In the big picture, all oceans are experiencing acidification, but not necessarily equally. For example, the Southern Ocean surrounding Antarctica is known to have among the highest levels of acidification due to the simple relationship between water temperature and the solubility of atmospheric carbon dioxide. The colder the water the more carbon dioxide is absorbed.

In our global exploration of important prospective impacts of ocean acidification, let’s start by focusing on Antarctic seas. Just as amphipods are key organisms when it comes to the ecology of seaweed communities (Hannah will talk more about this in a future blog), there are two other key groups of Antarctic marine organisms that come to mind when considering the impacts of ocean acidification on polar life – these are the shelled sea butterflies and shrimp-like krill.

Shelled sea butterflies (small swimming snails also called pteropods) are about the size of a pencil’s eraser but are seemingly as abundant as the stars. The opening image is a greatly magnified representative. There are so many of them that they are considered an important component of the global carbon cycle. And when they die their shells sink to the sea floor and become a soft sediment known as ‘pteropod ooze.’ Unfortunately, studies have shown that in the Southern Ocean shelled pteropods collected from the sea are already showing signs of dissolution of their delicate aragonitic shells. In a recent 2021 laboratory study the shells of the sub-antarctic pteropod Limacina retroversa were smaller and less dense when grown in near-future levels of ocean acidification. It is likely that shelled pteropods are suffering from both dissolution of the shell and the increased costs of building and maintaining a shell.

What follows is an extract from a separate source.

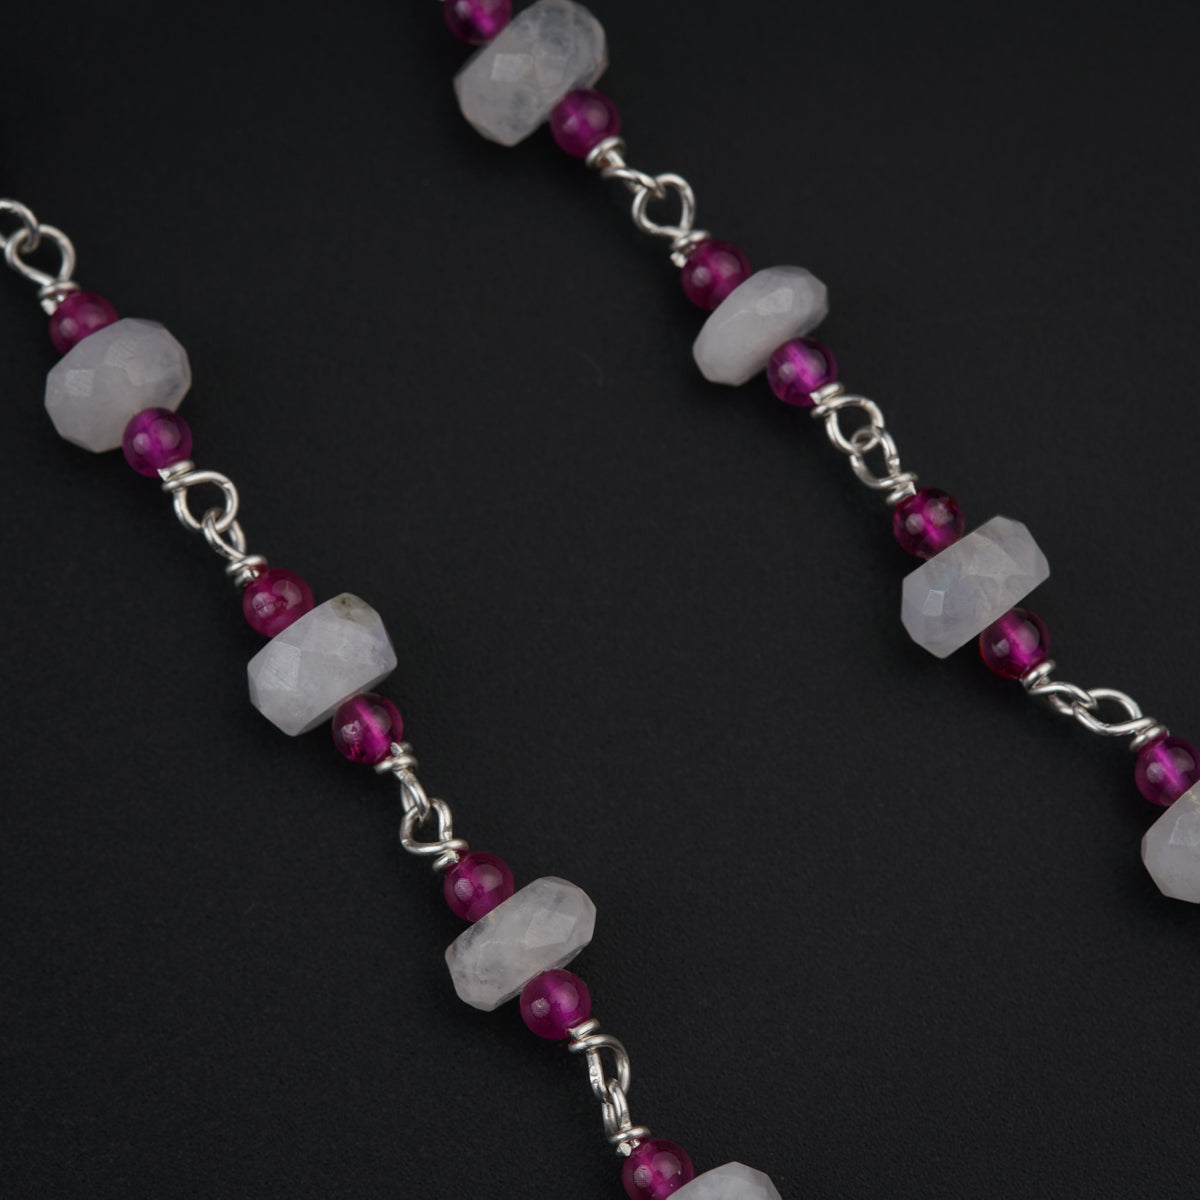 a pair of silver and pink beads on a black background

A semi-transparent Antarctic krill.

Studies of the potential impacts of ocean acidification on Antarctic krill have been more promising in terms of their apparent resistance to near-future ocean acidification. Very few impacts of ocean acidification have been reported on adults of Antarctic krill. For example, in a recent 2018 study, scientists found adults of the most common Antarctic krill, Euphausia superba (imaged above), were able to survive, grow, store fat, and maintain respiration rates in near-future ocean acidification conditions. However, in at least one earlier study, investigators found that egg hatching and larval development in Euphausia superba may be impeded by near-future levels of ocean acidification. The picture for Antarctic krill is hopeful but still clouded. The answer to this riddle is critical as krill are the foundation of Antarctic food webs.

A dead oyster washed up on the beach amidst seaweed.

The second geographic region I will focus on known as a ‘hot spot’ for ocean acidification is the Pacific coast of North America. Here, deep offshore waters rich in carbon dioxide with low pH are seasonally lifted to the surface by currents in a process known as ‘upwelling.’ As the human combustion of fossil fuels is increasing levels of carbon dioxide in the Pacific Ocean, seasonal upwelled waters are increasingly challenging marine life. The most famous examples of this challenge are oysters grown on farms along the coasts of California, Oregon, and Washington. Oyster farmers who routinely pump water directly from the sea to grow spat (baby oysters) began to experience catastrophic die-offs of their oyster stock. At first, the farmers suspected water pollutants were responsible, but before long they noticed that the oyster spat die-offs always occurred coincident with coastal upwelling events. It turned out that ocean acidification was the culprit!

A hatchery.

Today, oyster farmers have addressed the issue by installing alarms to warn them of acidic seawater events and when needed, switching to seawater stored in tanks to prevent the kills. Importantly, they also voiced their deep concerns about ocean acidification and its impacts on their future profession to members of Congress.

In summary, ocean acidification is a big-picture global problem – and among the world’s marine organisms, there will be winners and losers. Hannah will soon be telling you more about our experimental ocean acidification setup at Palmer Station and the experiments we will do with winners and losers.